- Work item -
Copy nothing past the line containing "Four photos: man". Transcribe every line of the listing below up to and including it, from the first, except pictures.

- Exercise data -
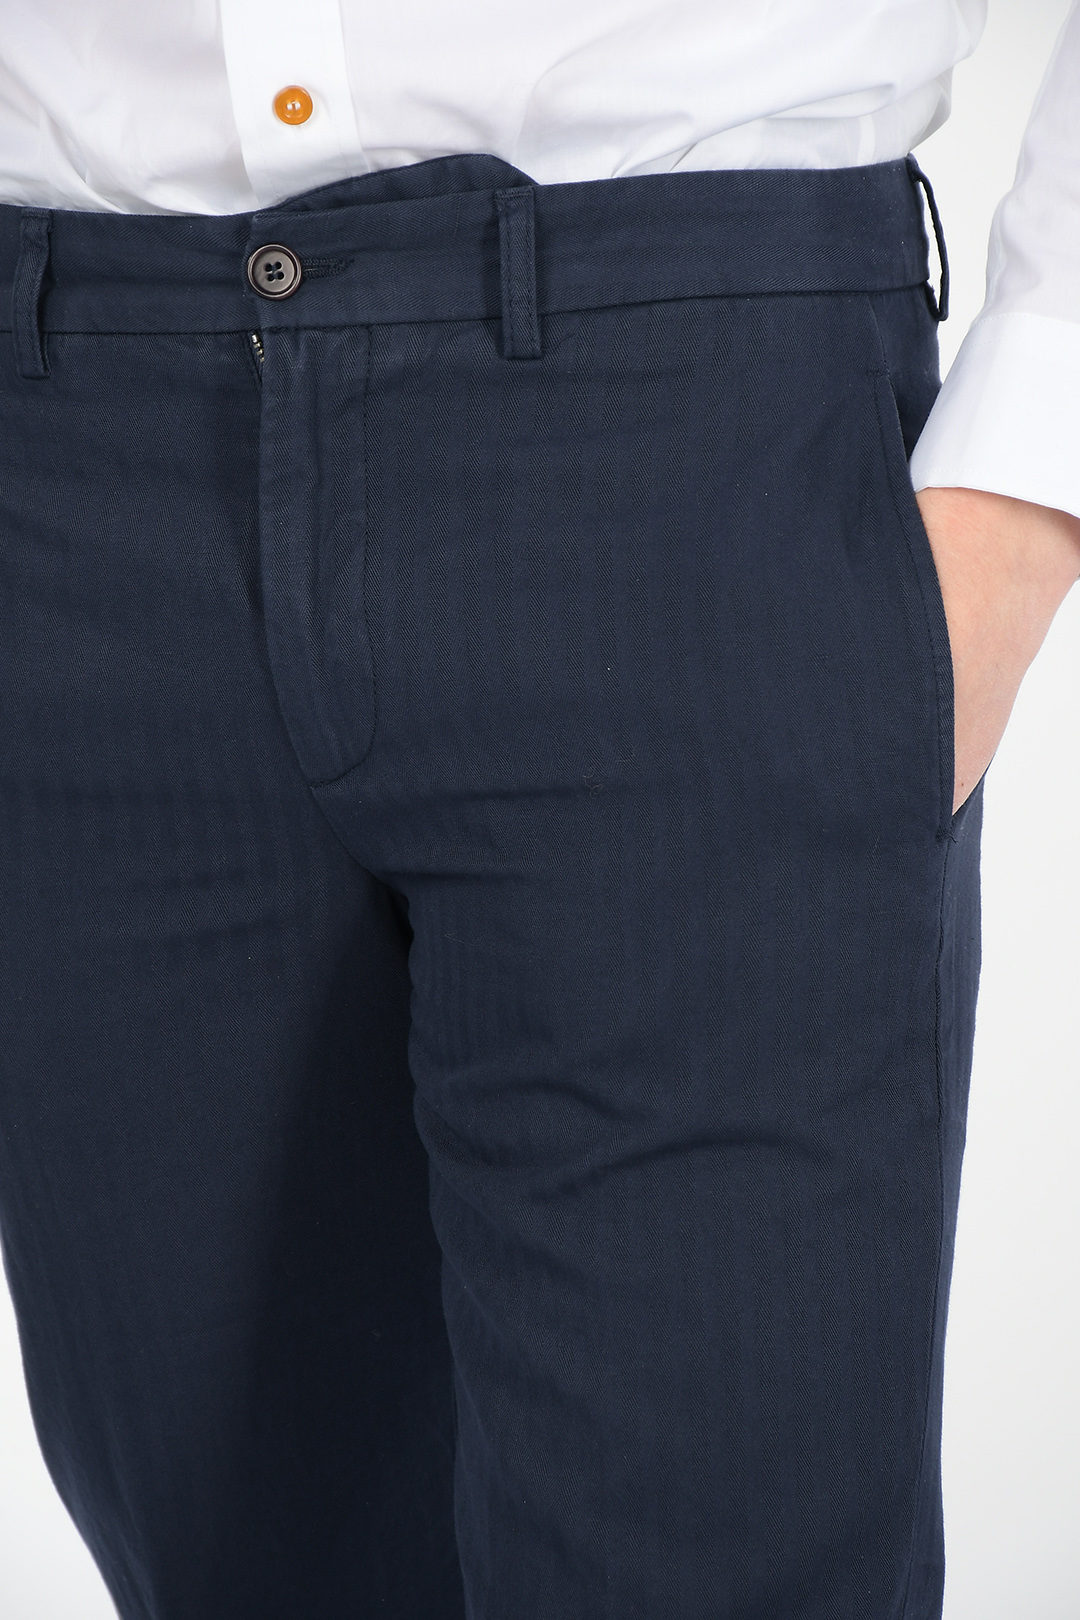 Aspesi Cotton and Linen DOVER Stright Fit Pants with Jetted Pockets men ...
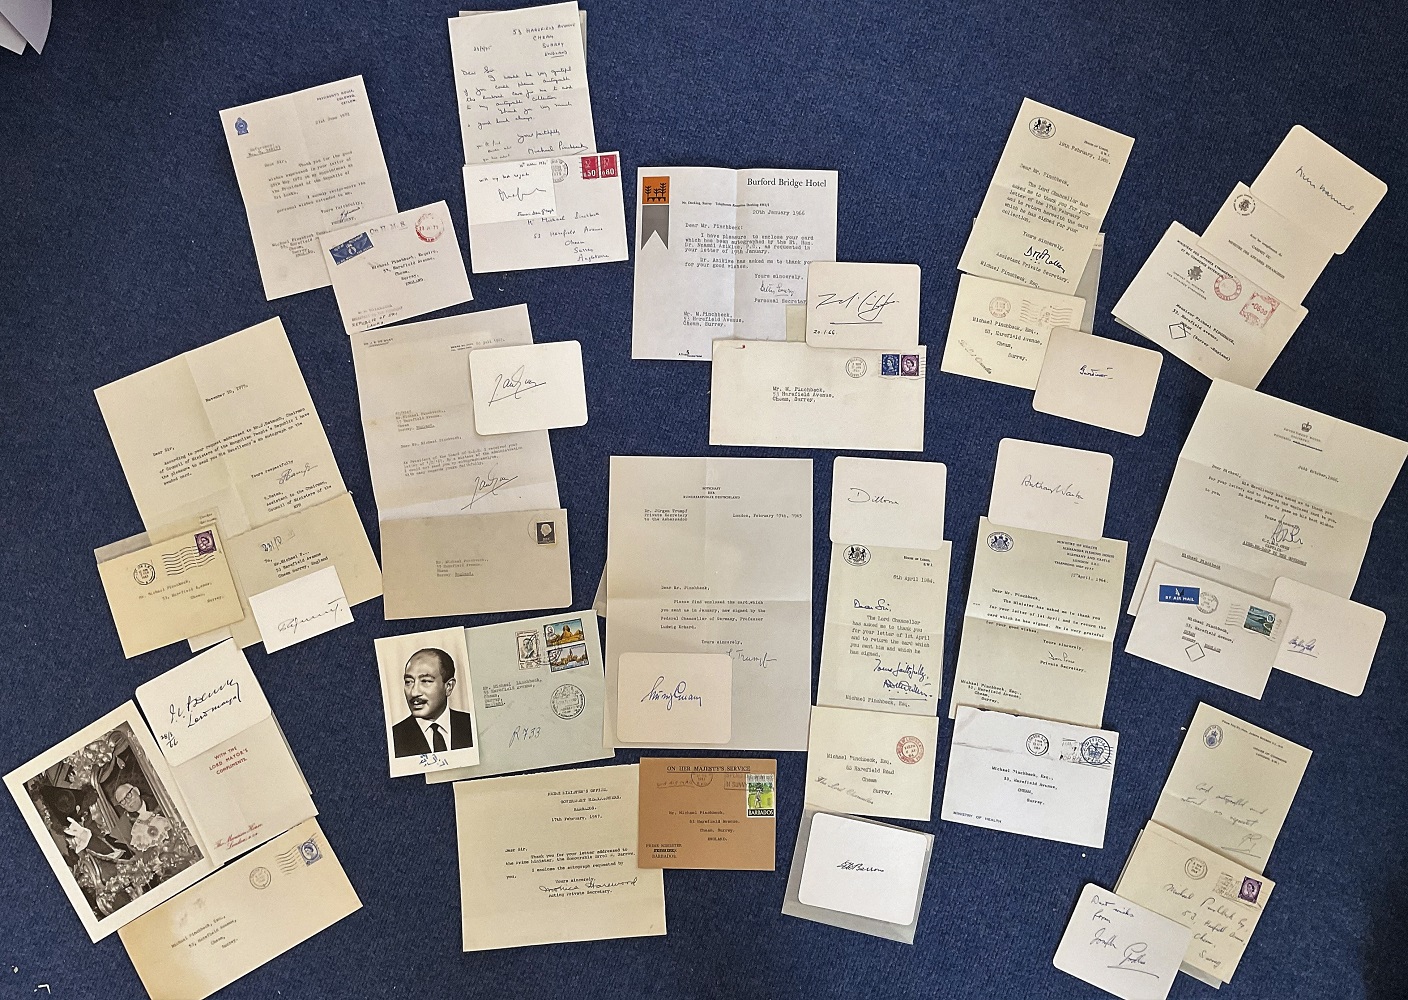 Politician signature collection of letters and cards some with original mailing envelopes.
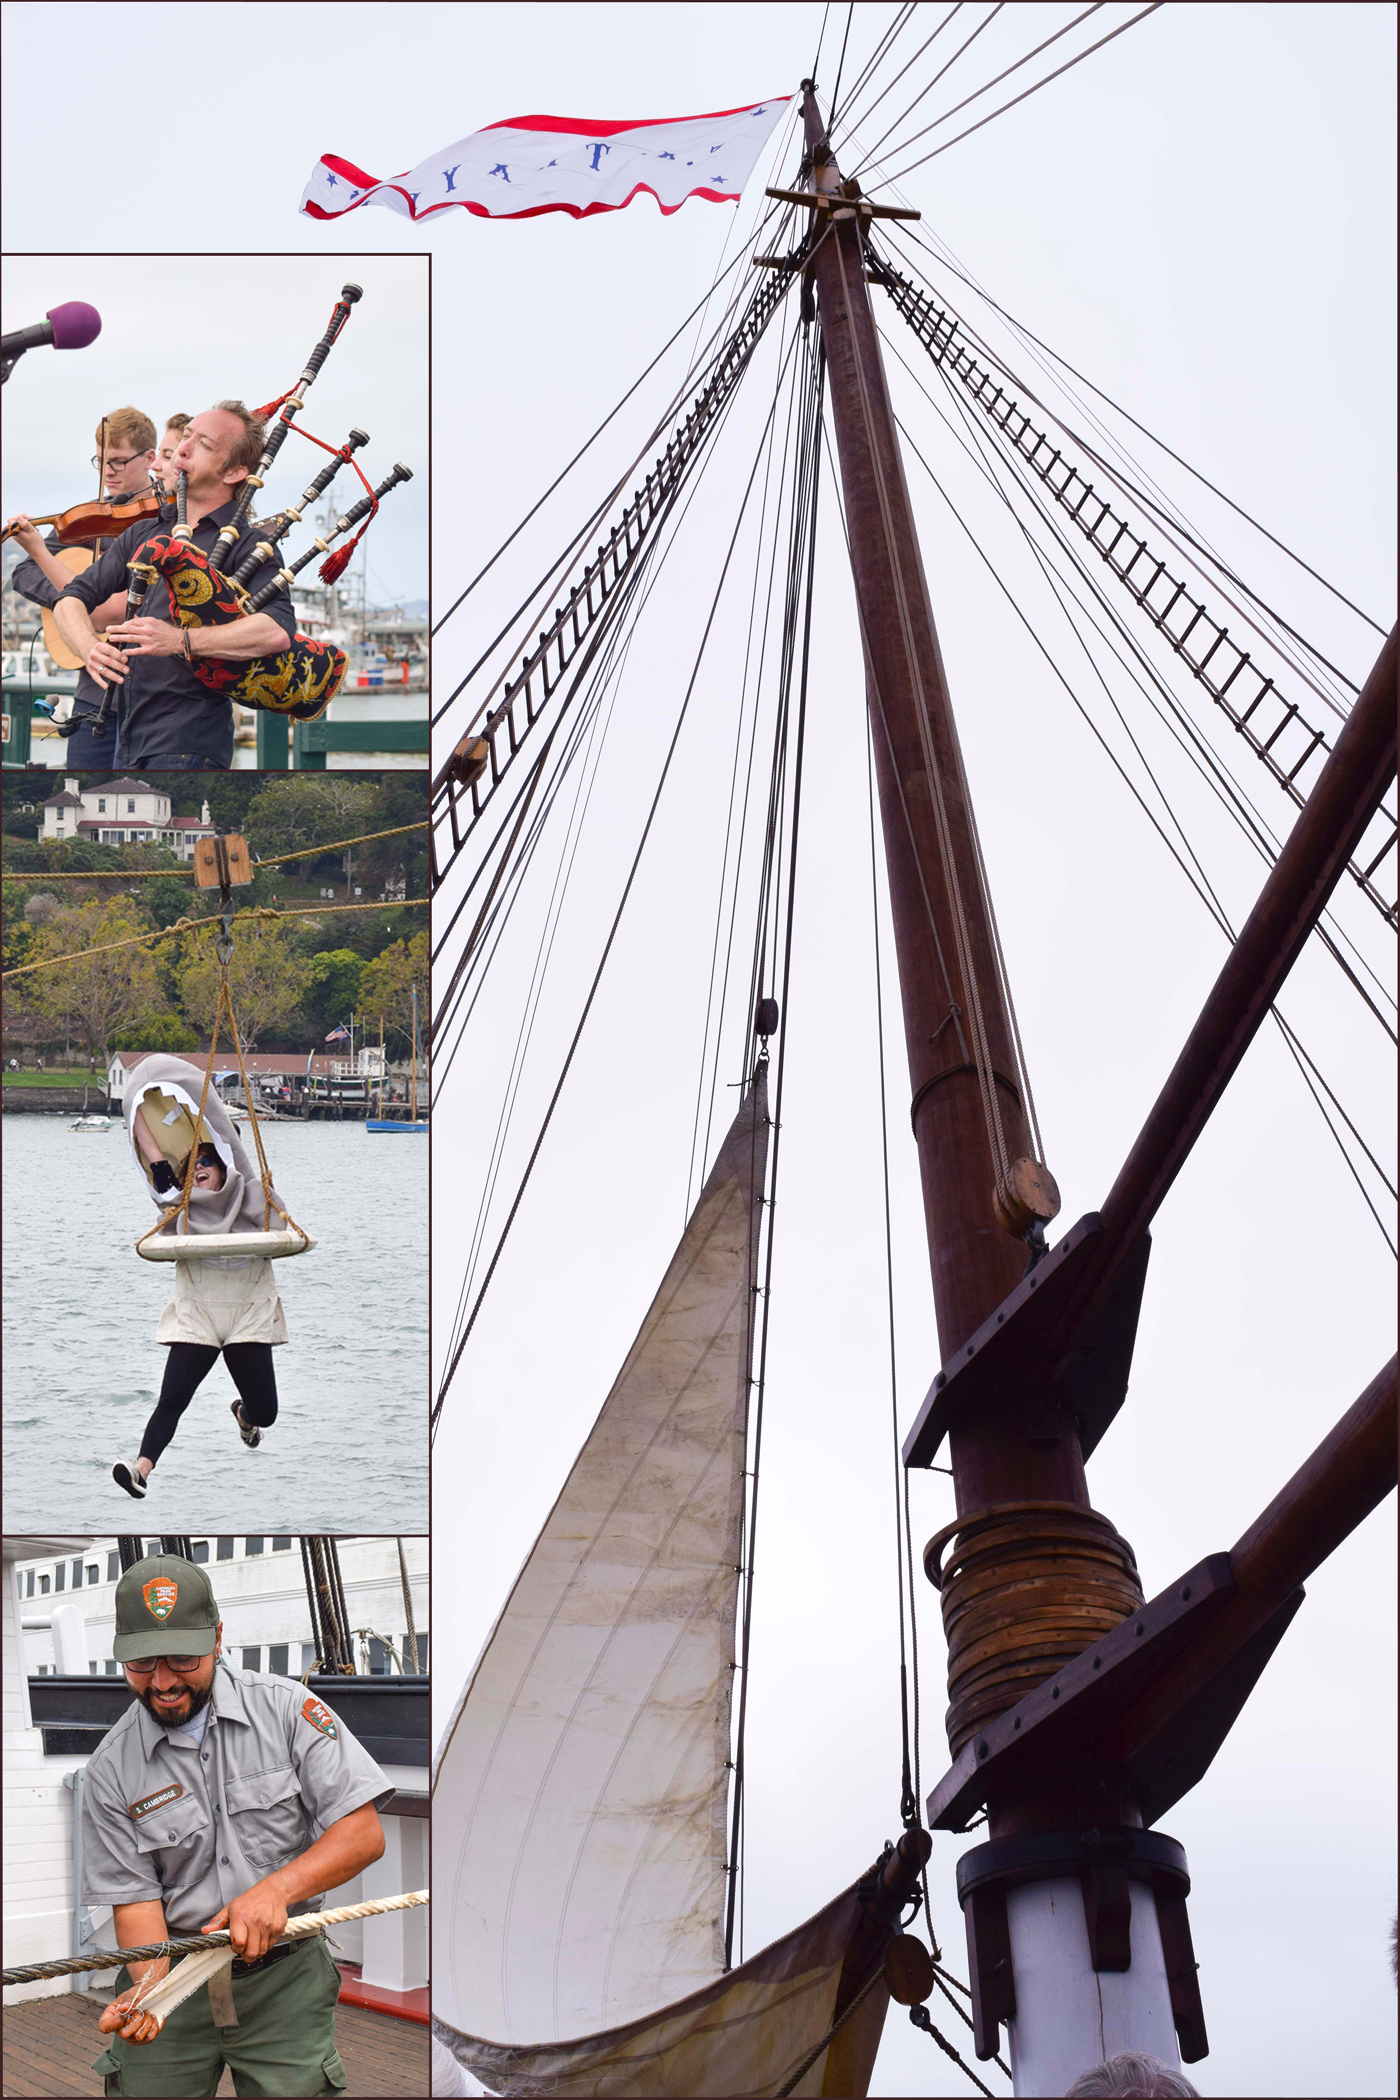 Four photos: man wrapping wire rope, woman hanging over the water, bagpipers playing and a tall ship's mast.
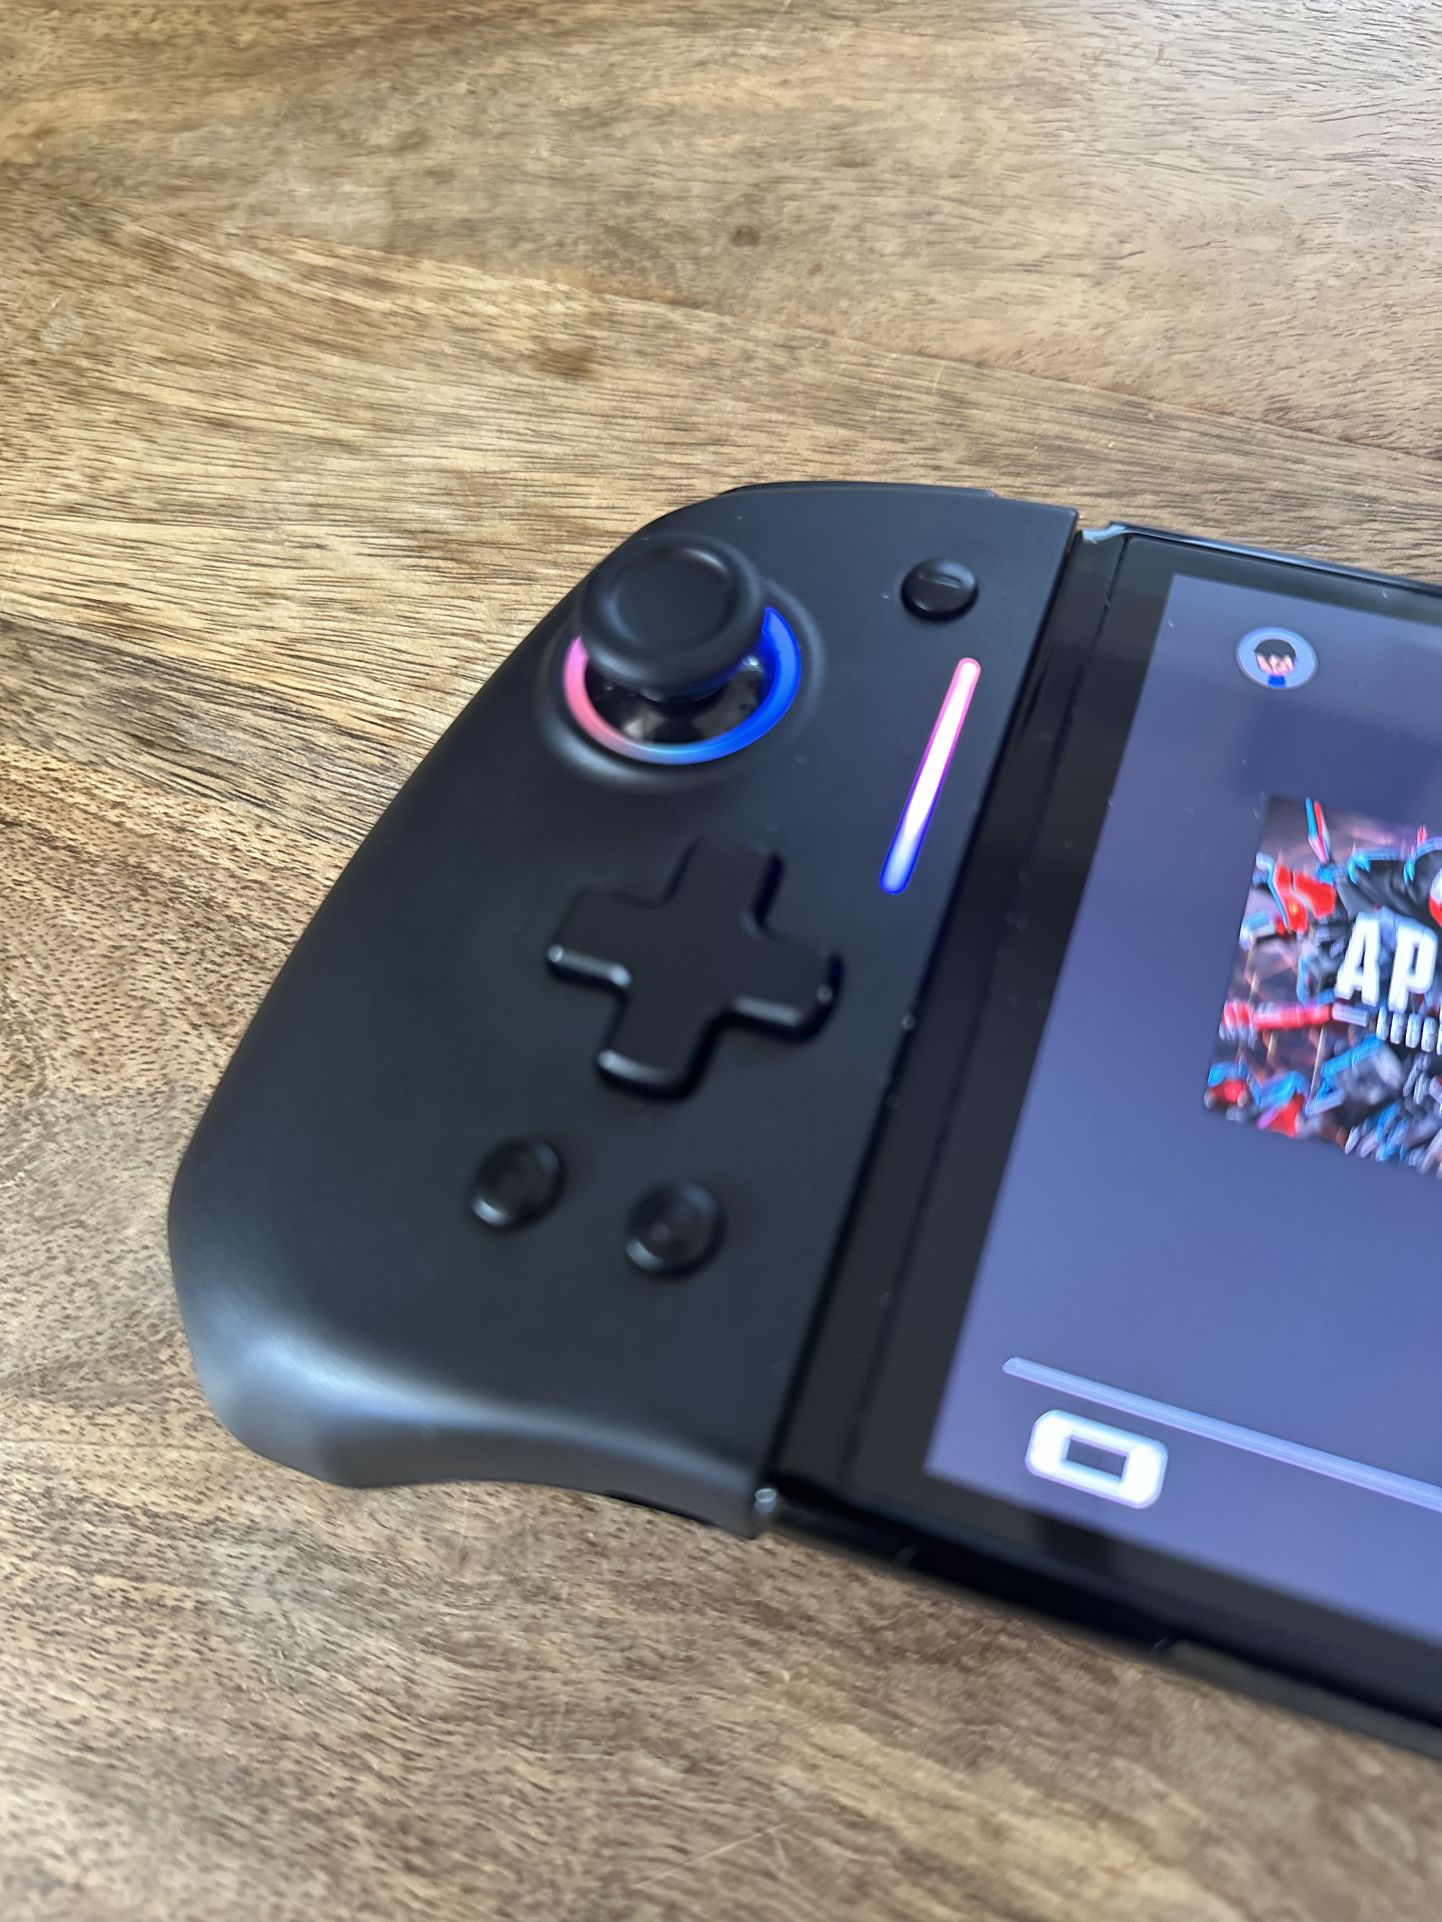 Has anyone used these Nyxi joycons on their Nintendo Switch? If so, how do  you like them? : r/Switch

- Solution to this problem -
 Aspesi Cotton and Linen DOVER Stright Fit Pants with Jetted Pockets men ...
 Politician signature collection of letters and cards some with original mailing envelopes.
 Four photos: man wrapping wire rope, woman hanging over the water, bagpipers playing and a tall ship's mast.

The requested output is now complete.